> **PROBLEM STATEMENT**
Give the listing again word for word. Leave every image out.

> **SUPPLIED DATA**
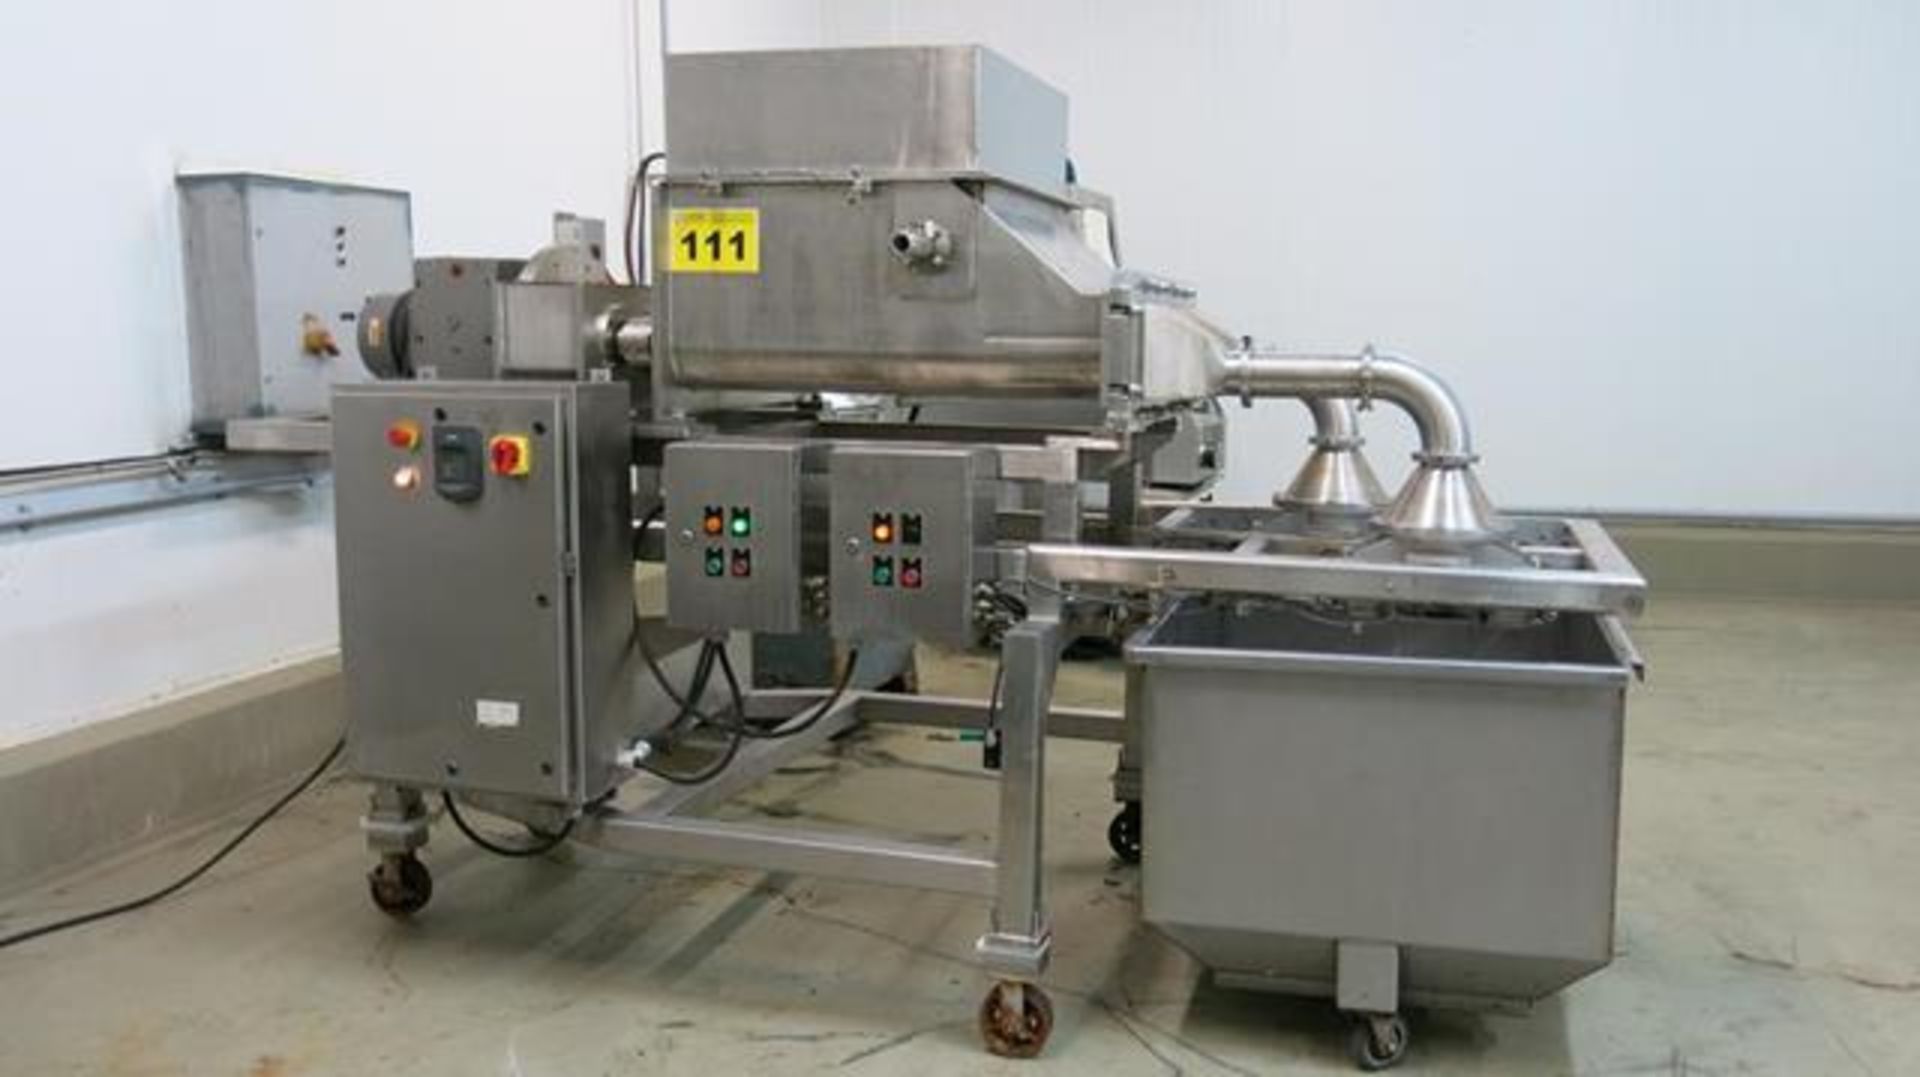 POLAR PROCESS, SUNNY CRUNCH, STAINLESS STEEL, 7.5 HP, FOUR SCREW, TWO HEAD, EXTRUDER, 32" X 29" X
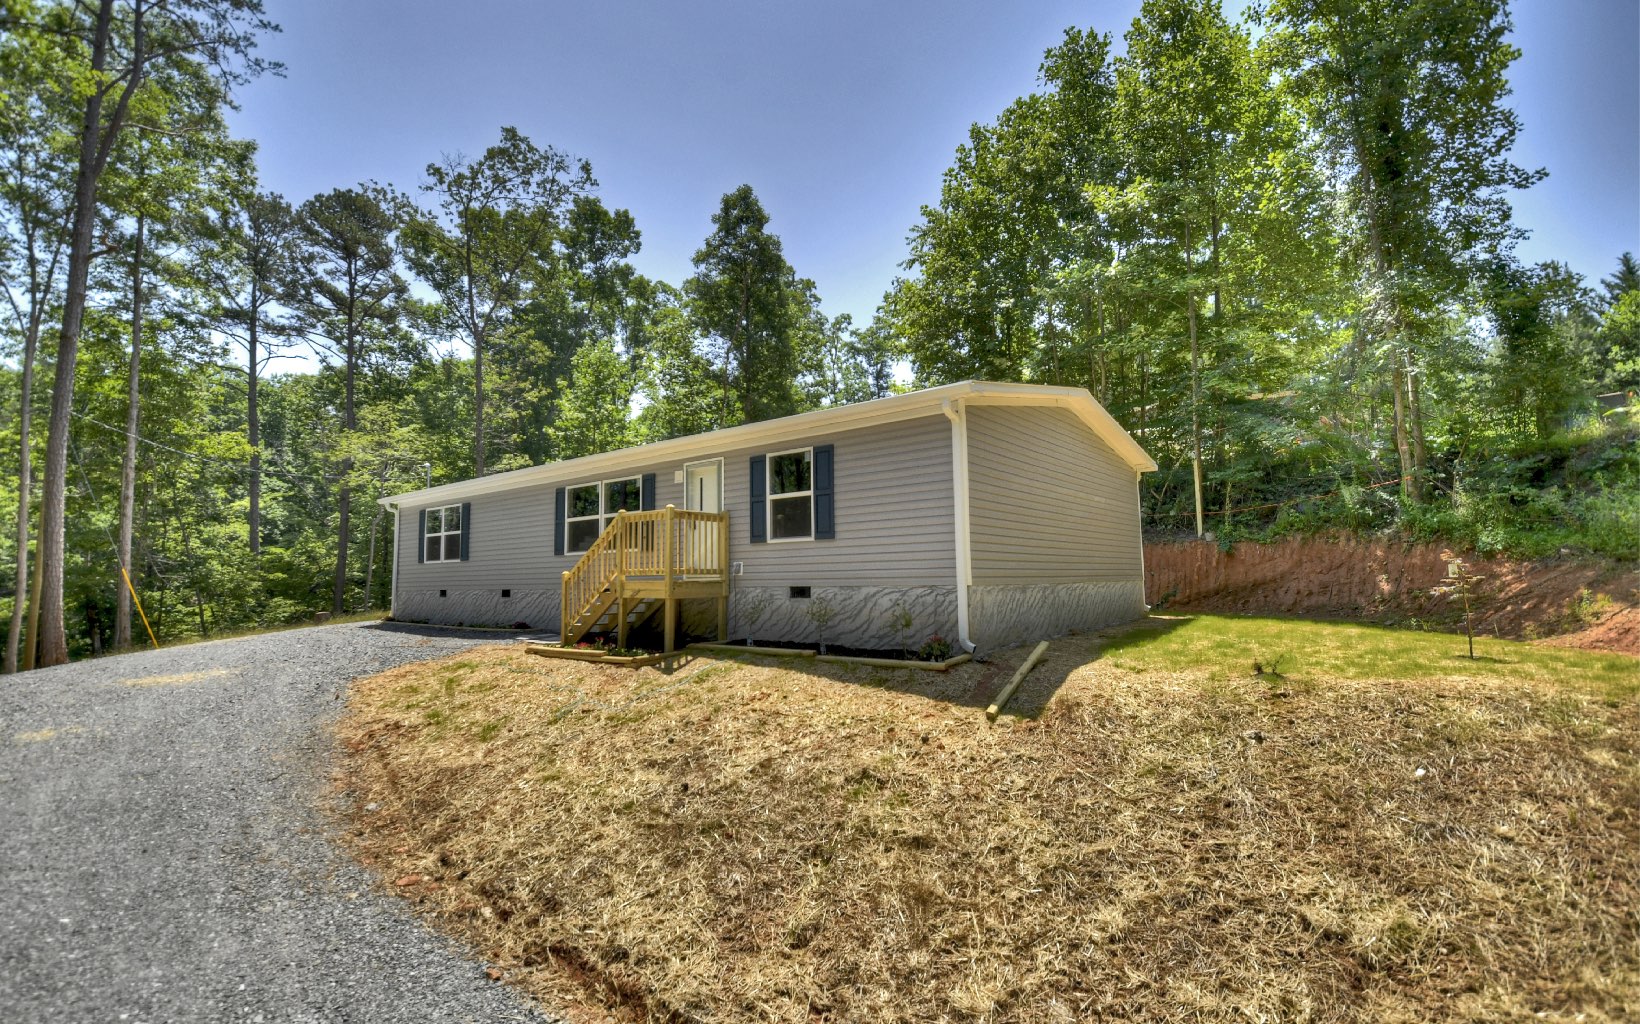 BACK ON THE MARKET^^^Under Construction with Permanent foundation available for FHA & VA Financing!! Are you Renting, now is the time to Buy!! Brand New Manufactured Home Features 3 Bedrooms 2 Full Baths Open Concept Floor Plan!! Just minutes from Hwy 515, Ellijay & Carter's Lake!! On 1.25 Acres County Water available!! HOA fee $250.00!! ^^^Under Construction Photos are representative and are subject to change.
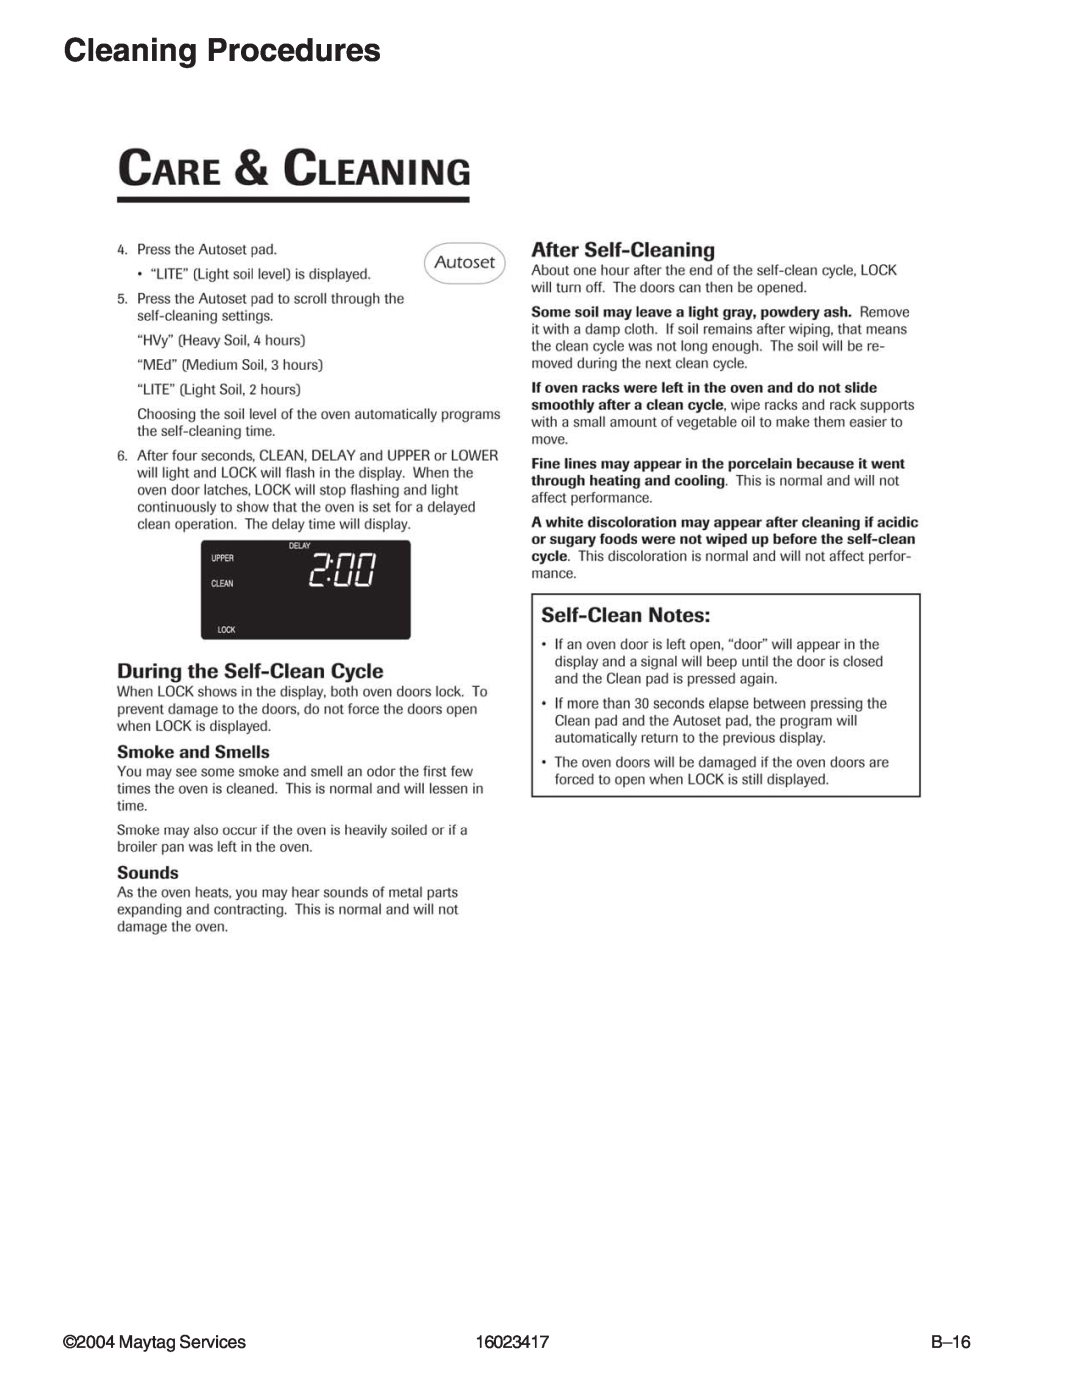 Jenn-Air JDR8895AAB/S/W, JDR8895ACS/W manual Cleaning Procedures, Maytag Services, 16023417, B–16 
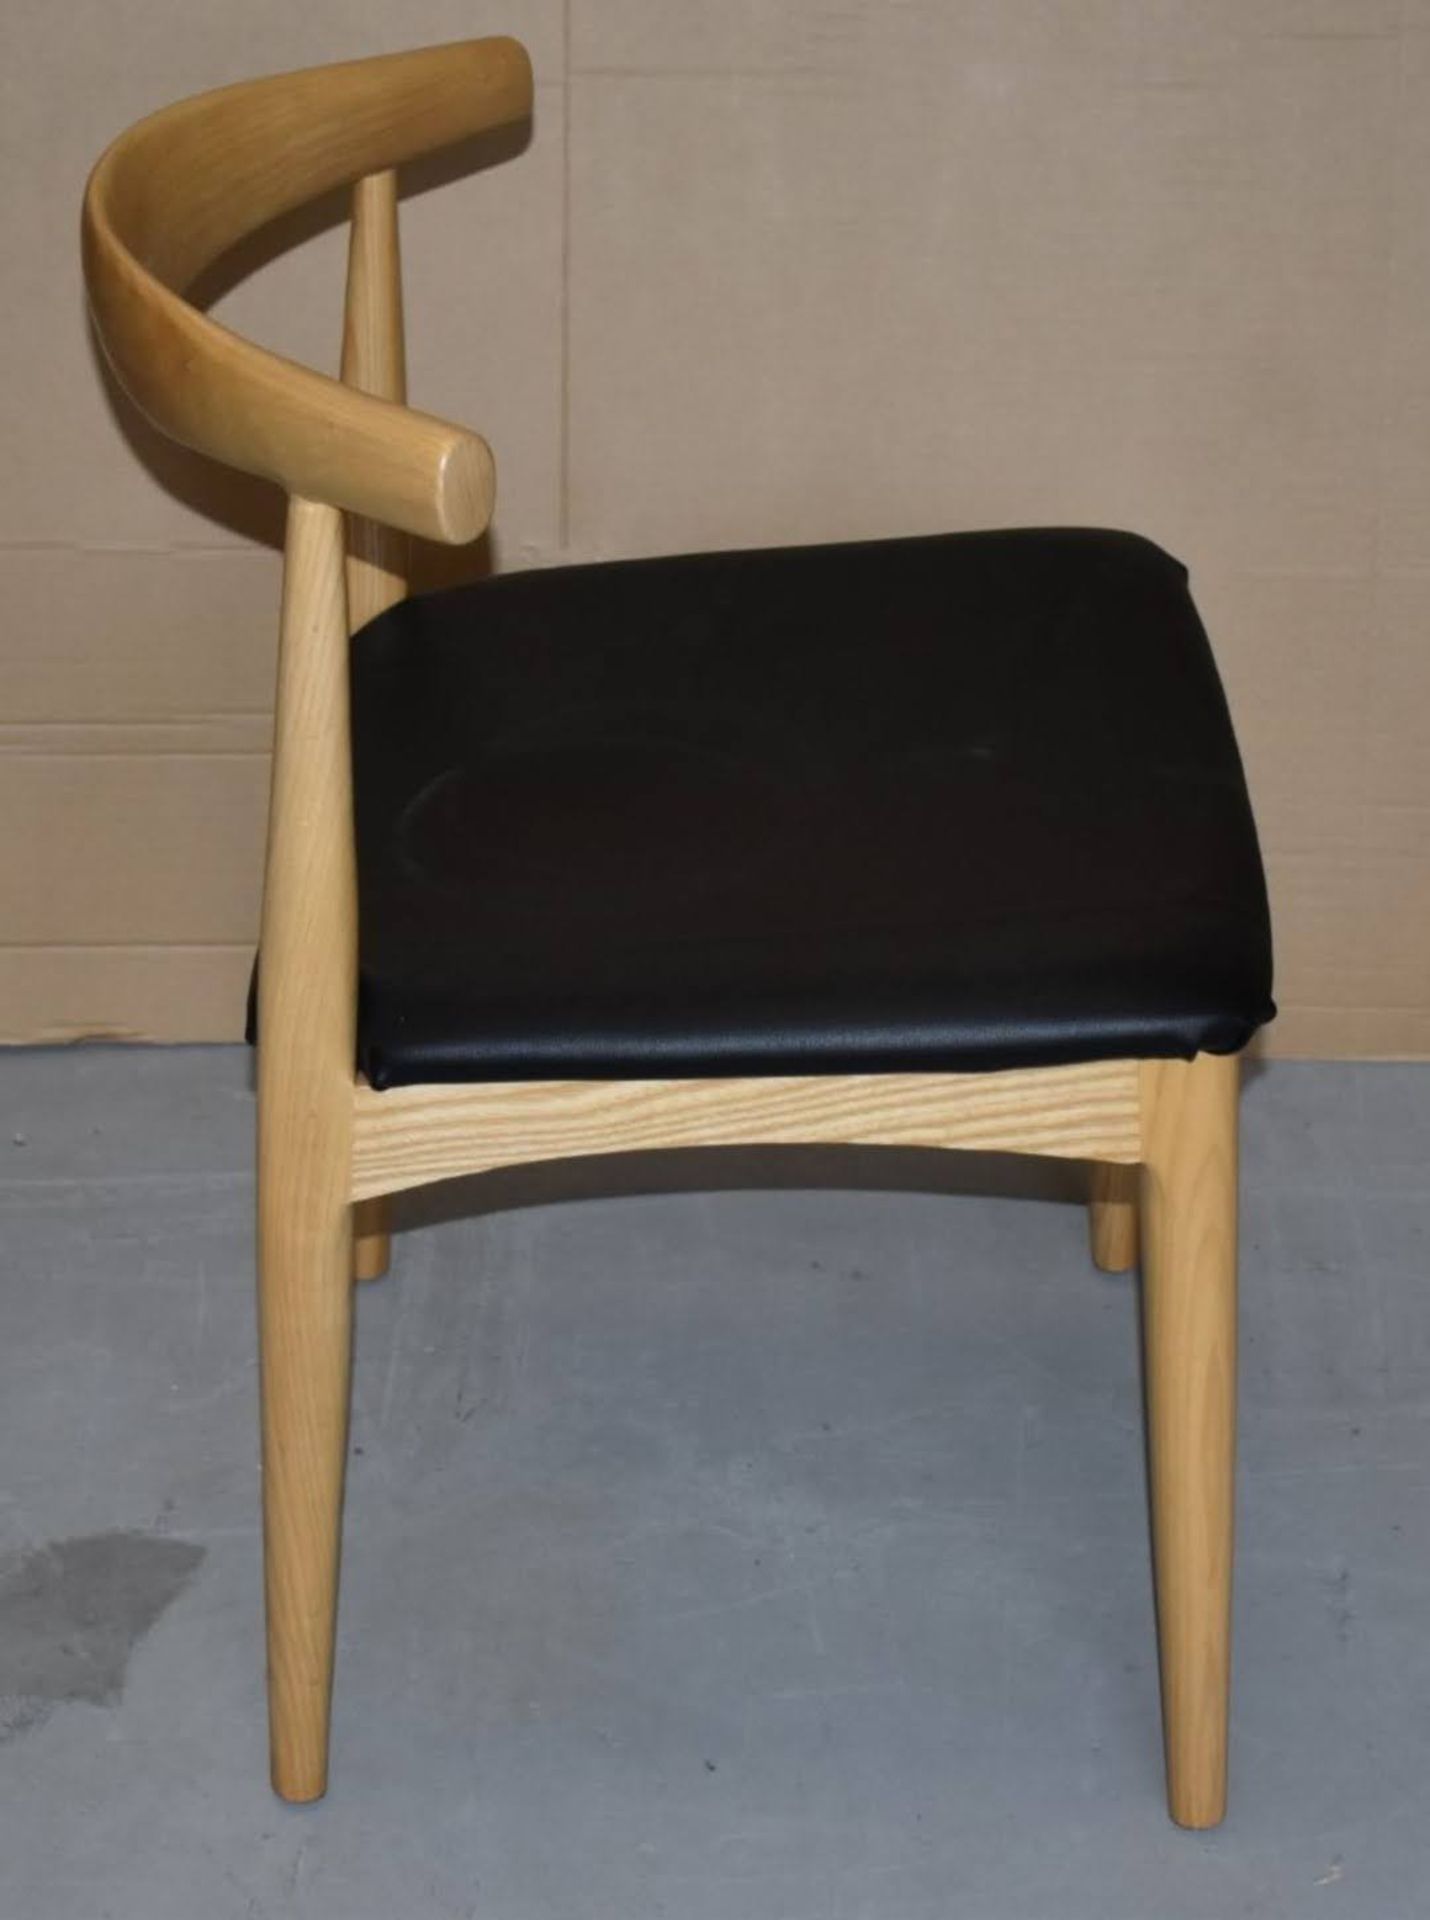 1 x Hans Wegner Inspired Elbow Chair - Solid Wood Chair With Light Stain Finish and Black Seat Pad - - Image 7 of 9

> **SOLVED PROBLEM**
 POLAR PROCESS, SUNNY CRUNCH, STAINLESS STEEL, 7.5 HP, FOUR SCREW, TWO HEAD, EXTRUDER, 32" X 29" X
 BACK ON THE MARKET^^^Under Construction with Permanent foundation available for FHA & VA Financing!! Are you Renting, now is the time to Buy!! Brand New Manufactured Home Features 3 Bedrooms 2 Full Baths Open Concept Floor Plan!! Just minutes from Hwy 515, Ellijay & Carter's Lake!! On 1.25 Acres County Water available!! HOA fee $250.00!! ^^^Under Construction Photos are representative and are subject to change.
 Jenn-Air JDR8895AAB/S/W, JDR8895ACS/W manual Cleaning Procedures, Maytag Services, 16023417, B–16 
 1 x Hans Wegner Inspired Elbow Chair - Solid Wood Chair With Light Stain Finish and Black Seat Pad - - Image 7 of 9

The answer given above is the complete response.